I read a post today at US Catholic - Boycotting the Mass. Here's a bit of the post ....
Jennifer Sleeman from Clonakilty in Cork said she wants 'to let the Vatican and the Irish church know that women are tired of being treated as second-class citizens.' She has called on the Catholic women of Ireland to 'join your sisters on Sunday, September 26th. On that one day boycott Mass. Stay at home and pray for change. We are the majority. We may have been protesting individually but unremarked on, but together we have strength and our absence, the empty pews, will be noticed.'
Some women in the U.S. are taking notice of this protest as well .... is it worth it to willfully take a week off? But even if you do, will enough women boycott that you'd actually be able to see a difference in the pews? Would it make any difference?
Is protesting something you consider unjust worth the effort if you believe it won't actually bring about change? I think it is.

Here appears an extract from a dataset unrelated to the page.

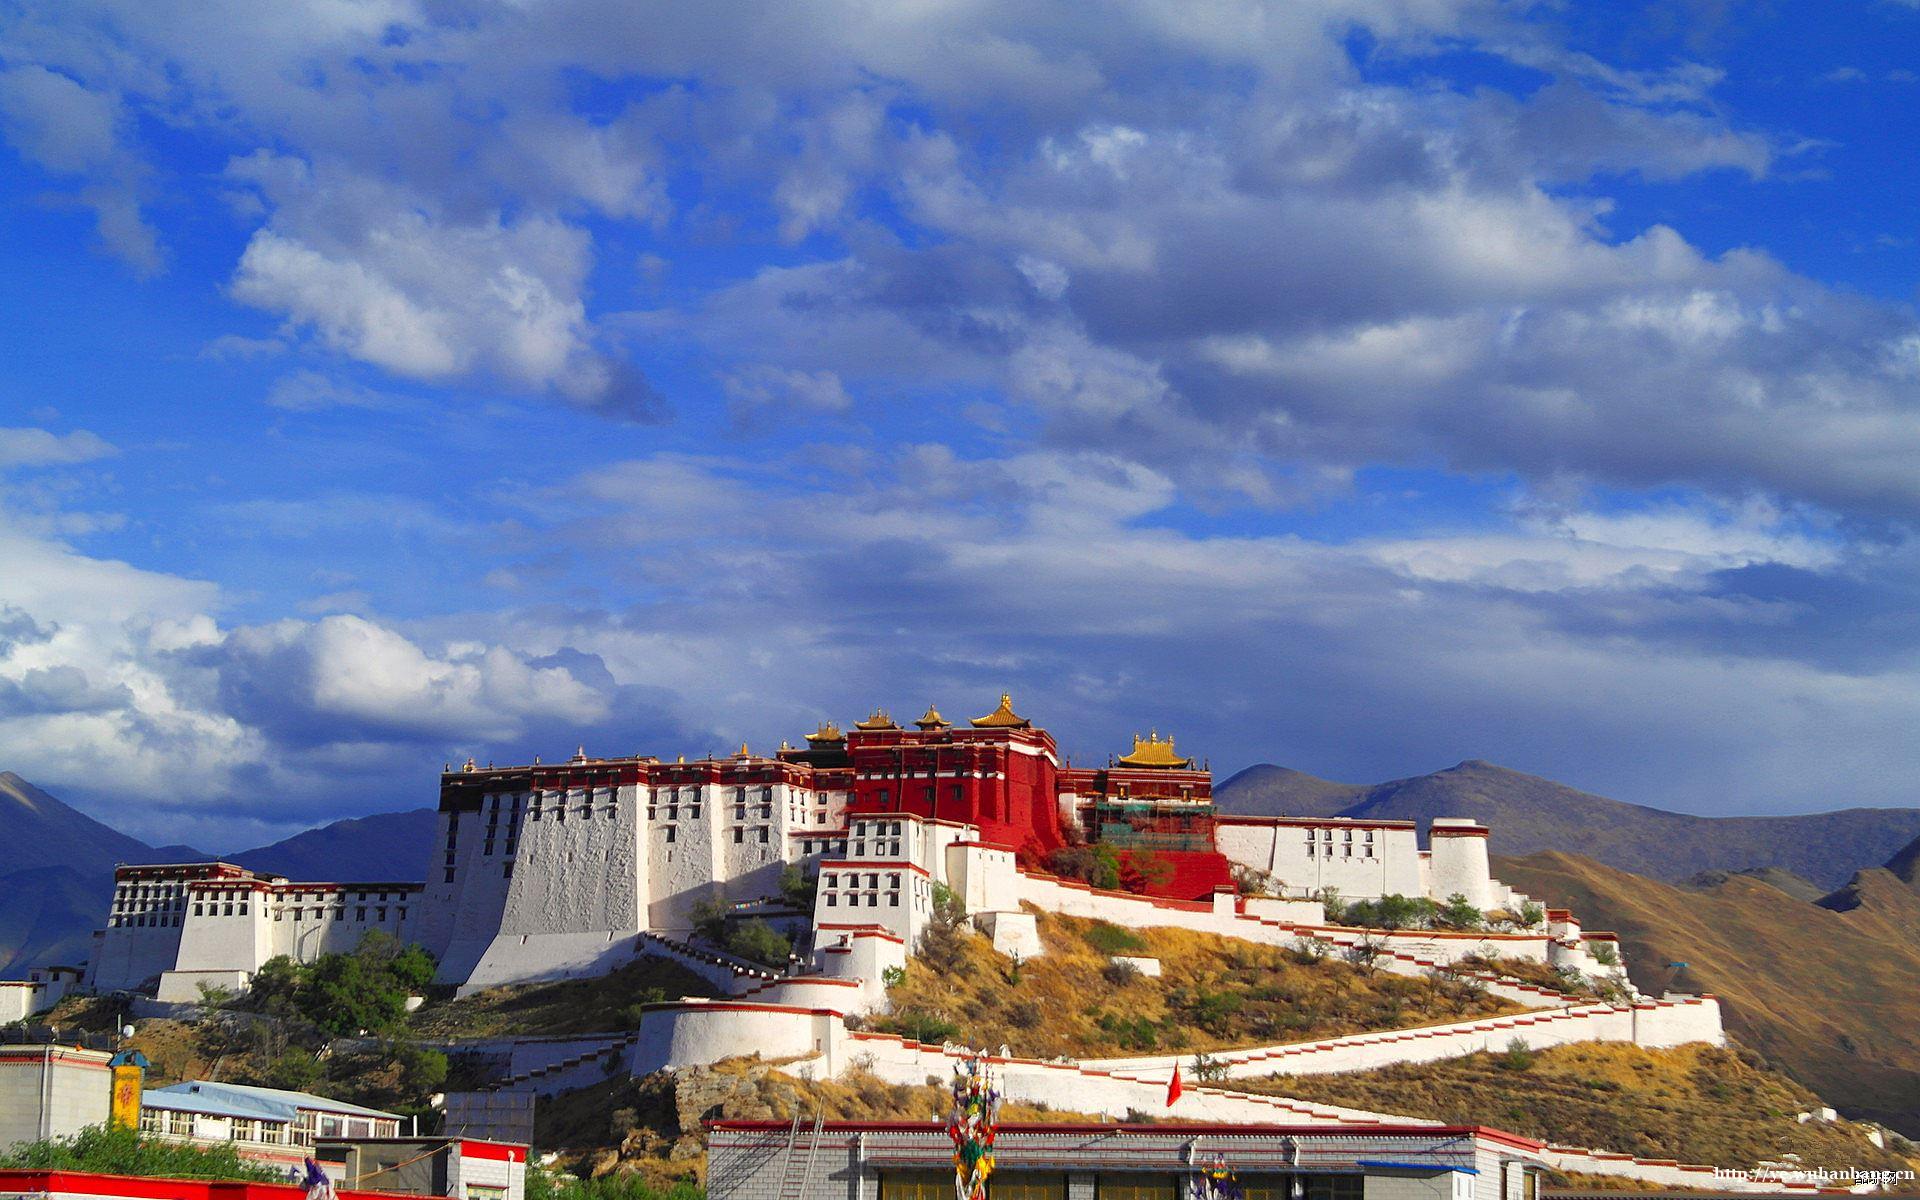 长途自驾游 旅行摄影 独享生活游 西藏 大理 三亚

For some reason this reminds me of living with my mother just before she died. She and I had terrible arguments and there was no way for me to win one of them because she had all the power in the relationship - it was her home and she could make me leave if she wanted to, but even more, she didn't care about damaging the quality of our relationship. That didn't stop me from arguing with her of course :) but what it did do was it eroded any trust, respect, and maybe even love I'd had for her. It's been eight years since she died and I'm still so upset at her that it's almost impossible to remember anything good we ever had between us.
In the relationship between the church hierarchy and we women the hierarchy has all the power. Yes, women who wish that we were treated equally can complain, as long as it's not too loudly, and we can walk away, saying we have anywhere else to go, but we can't really do the one thing we might want to - we can't get the hierarchy to trust us and respect us and love us enough to be willing to consider change.
Oh, for those who will say the women's ordination thing isn't about trust and respect and love, but about Jesus only wanting men to be priests, read Did Jesus Exclude Women from Priesthood? by Sandra M. Schneiders.